For more information about AI Platform costs, see the prediction nodes and resource allocation page.

Before you begin

  1. Sign in to your Google Account.

    If you don't already have one, sign up for a new account.

  2. In the Cloud Console, on the project selector page, select or create a Cloud project.

    Go to the project selector page

  3. Make sure that billing is enabled for your Google Cloud project. Learn how to confirm billing is enabled for your project.

  4. BigQuery is automatically enabled in new projects. To activate BigQuery in a pre-existing project, go to Enable the BigQuery API.

    Enable the API

  5. Enable the AI Platform Training and Prediction API and Compute Engine APIs.

    Enable the APIs

  6. Install the Google Cloud SDK and the gcloud command-line tool.

Create your dataset

The first step is to create a BigQuery dataset to store your ML model. To create your dataset:

  1. In the Google Cloud Console, go to the BigQuery web UI.

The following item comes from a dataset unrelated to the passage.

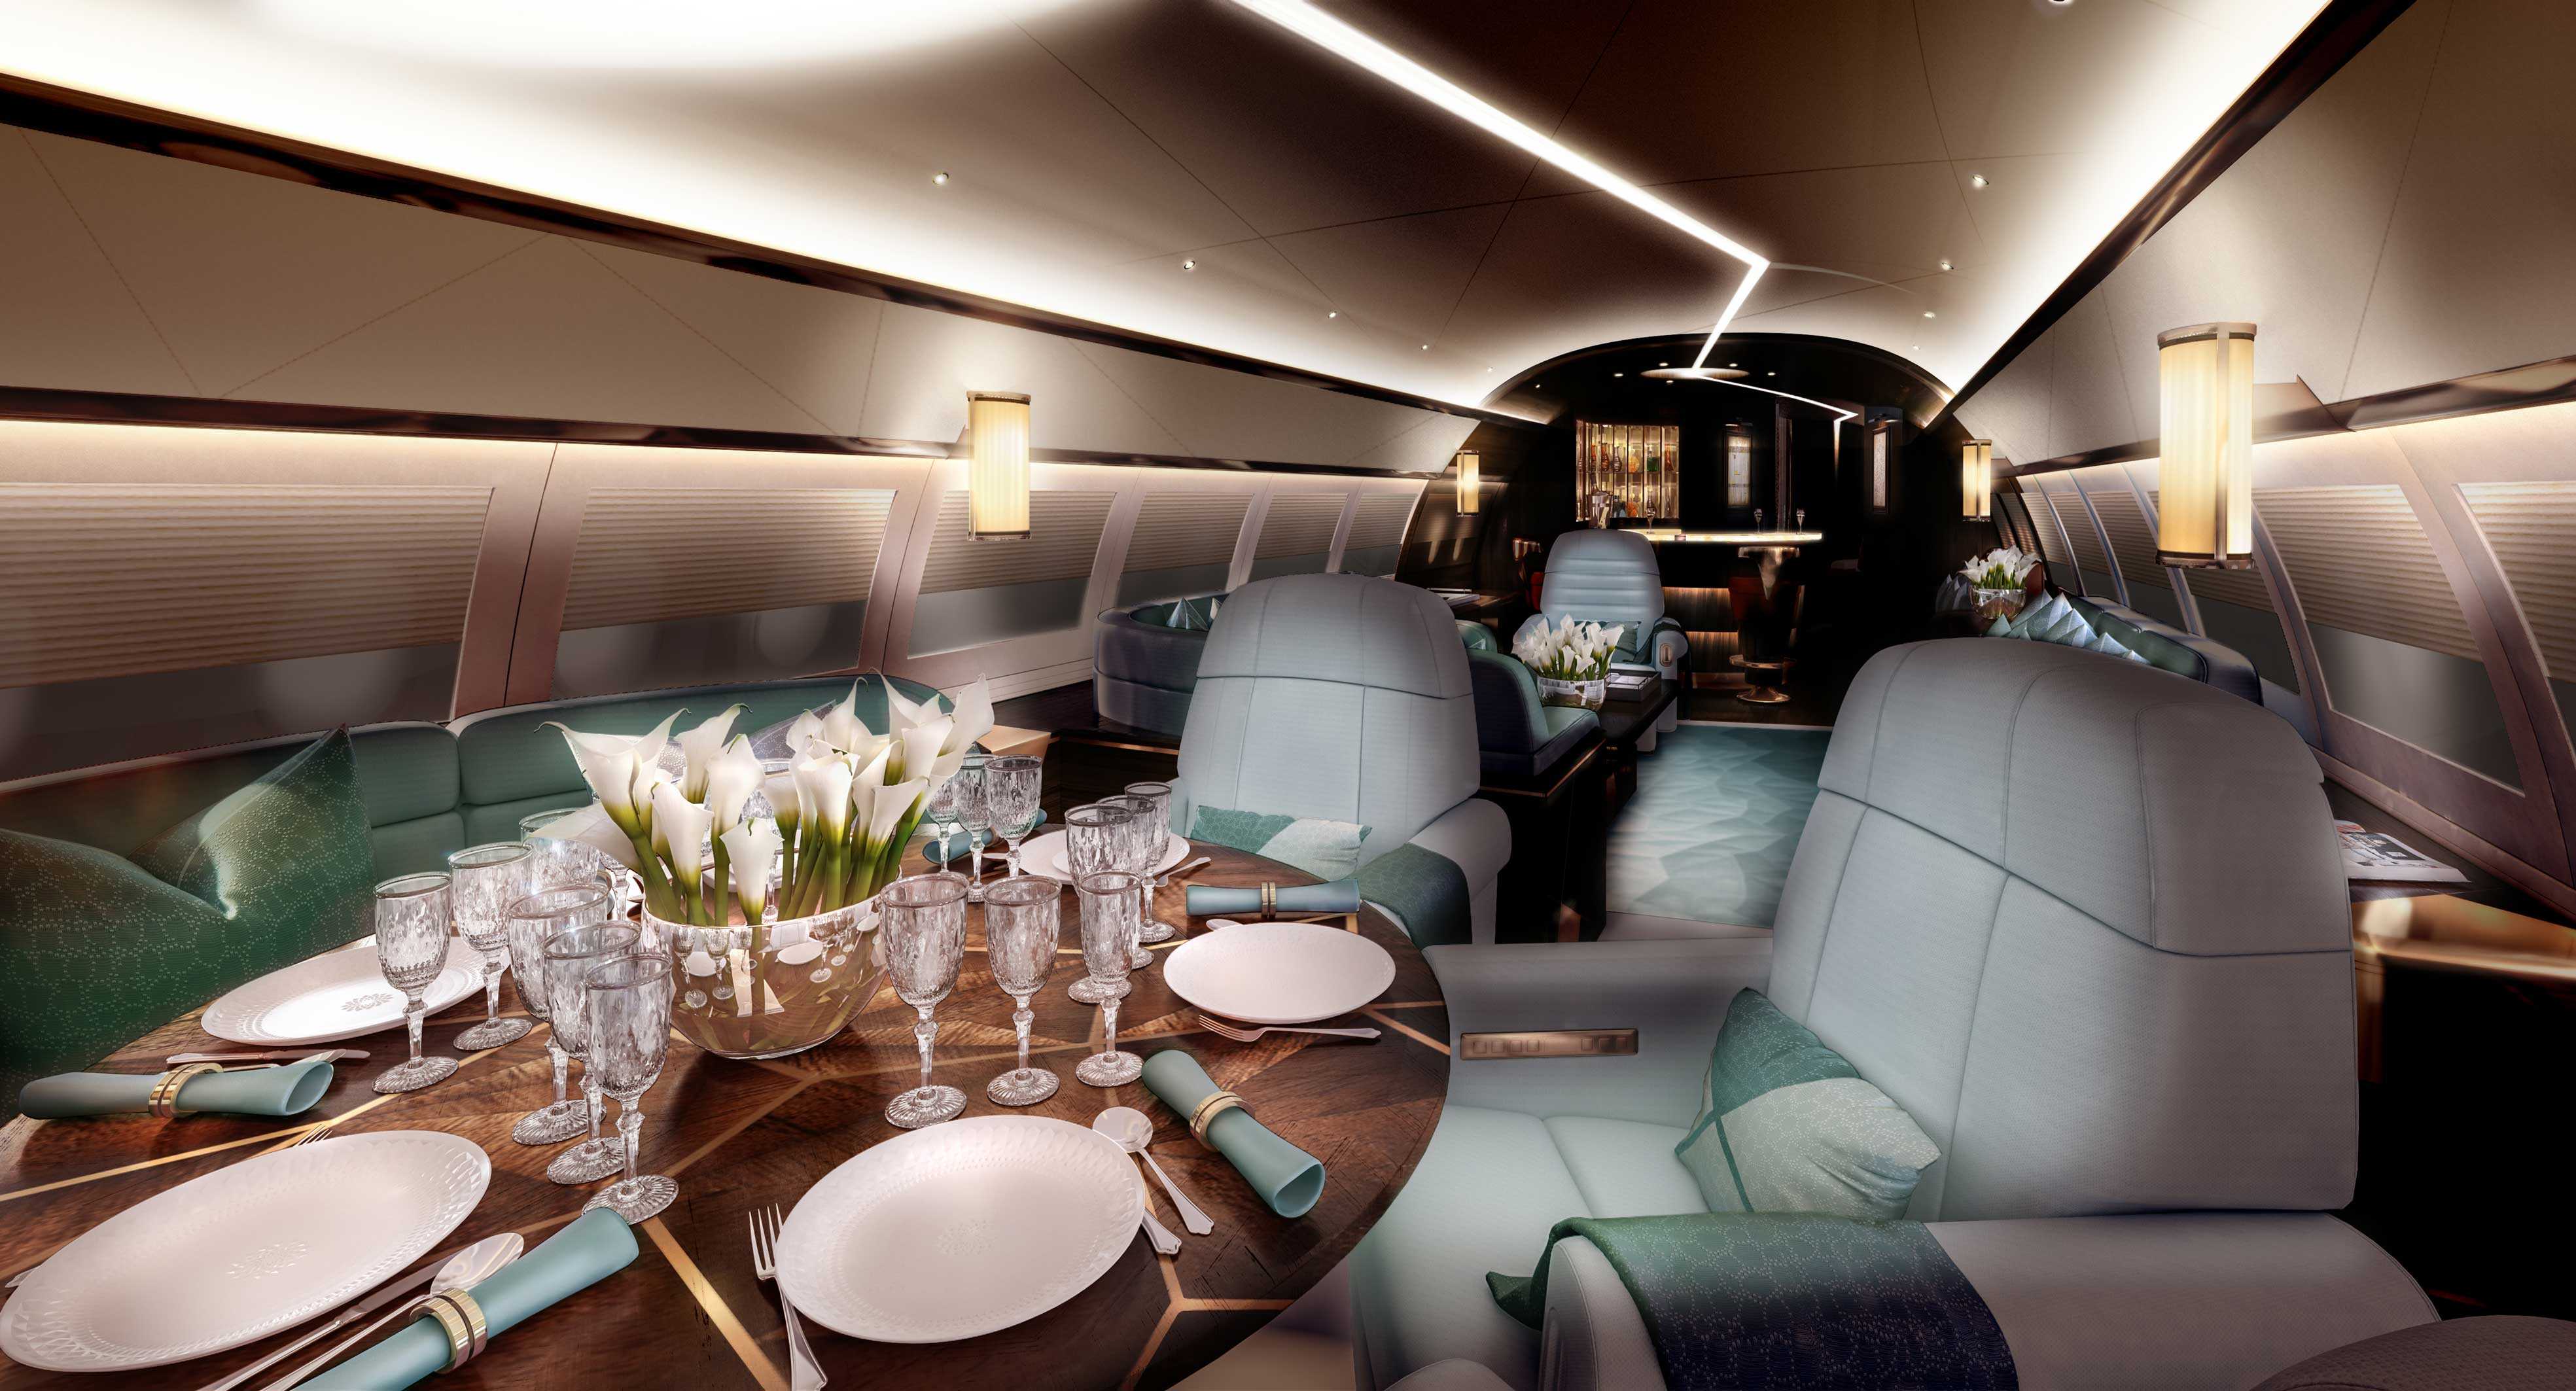 “Mayfair” Private Jet Concept

    Go to the BigQuery web UI

  2. In the navigation panel, under the Resources section, click your project name.

  3. On the right side, in the details panel, click Create dataset.

    Create dataset.

  4. On the Create dataset page:

    • For Dataset ID, enter bqml_tutorial.
    • For Data location, choose United States (US). Currently, the public datasets are stored in the US multiregional location. For simplicity, place your dataset in the same location.

      Create dataset page.

  5. Leave all of the other default settings in place and click Create dataset.

Train and deploy a logistic regression model

Train the model

Train a logistic regression model that predicts iris type using the BigQuery ML CREATE MODEL statement. This training job should take approximately 1 minute to complete.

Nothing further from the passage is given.